A. Silence is worth sanity at times
B. No one is saying that there isn’t a cost to having face to face learning closed for a significant amount of time. Ergo false straw-man argument.
C. One side is trying to analyze data and infer impact on community spread. The other side is making wild ass assumptions extrapolating dropouts to remote learning. Conclusions in search of arguments.
D. See previous post about false choices
E. Wail (as in wah-wah) away all you want. I can’t waste my time listening and responding to arguments presented in bad faith.
Hmm. A drive-through COVID testing site opened recently less than a mile from my house. I drove past it this morning and there is a line of cars stretching a couple blocks. I’m hoping it’s just lots of people deciding they should get testing before stupidly traveling for Thanksgiving, rather than lots of people thinking they might have COVID.

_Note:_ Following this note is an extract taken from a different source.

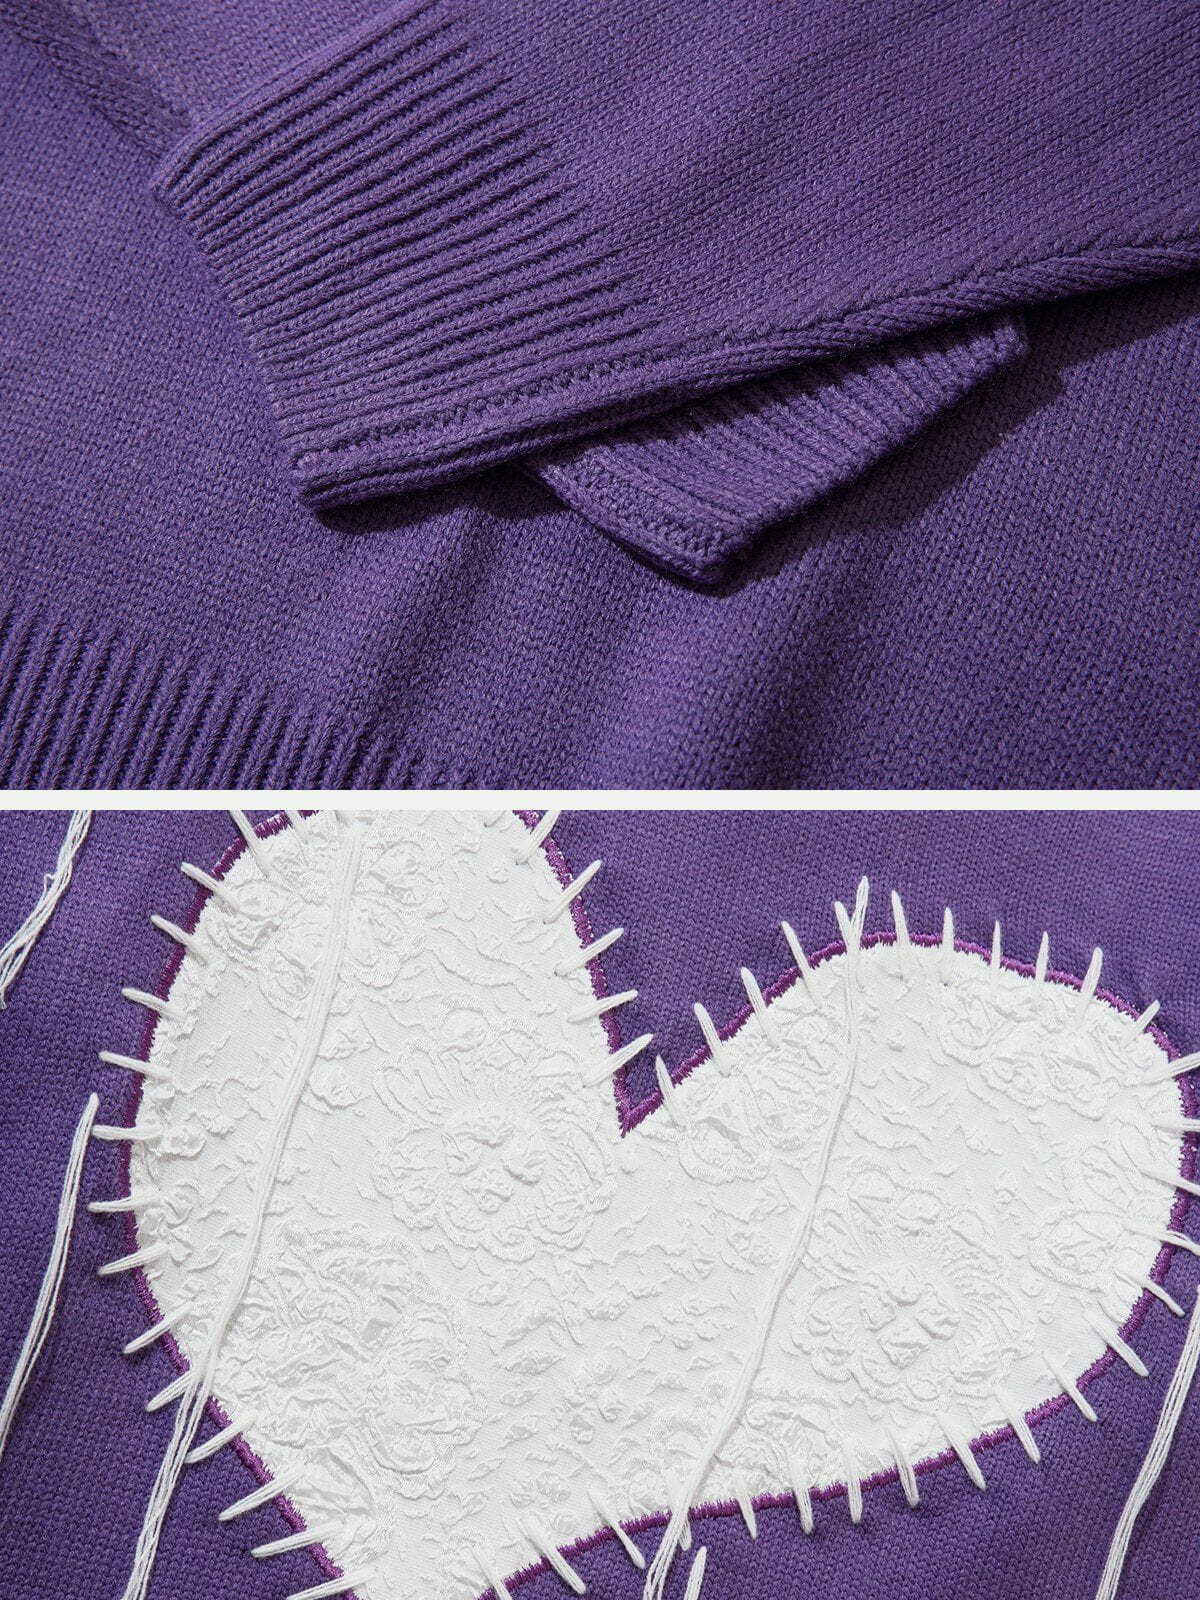 heartfelt patch love sweater y2k fashion statement 1180

I checked a variety of routes on Delta for this weekend (ATL to DTW, TPA, LGA) and the results are encouraging. Fares are still low (you can fly intra-east coast for like $350 in most cases, still), and flights on Wednesday (busiest travel day) have available inventory half filled, even after the middle seats are blocked out. Normally these flights would be $500+ and 80-90% full by this point.
People must actually be staying home at much greater rates than normal.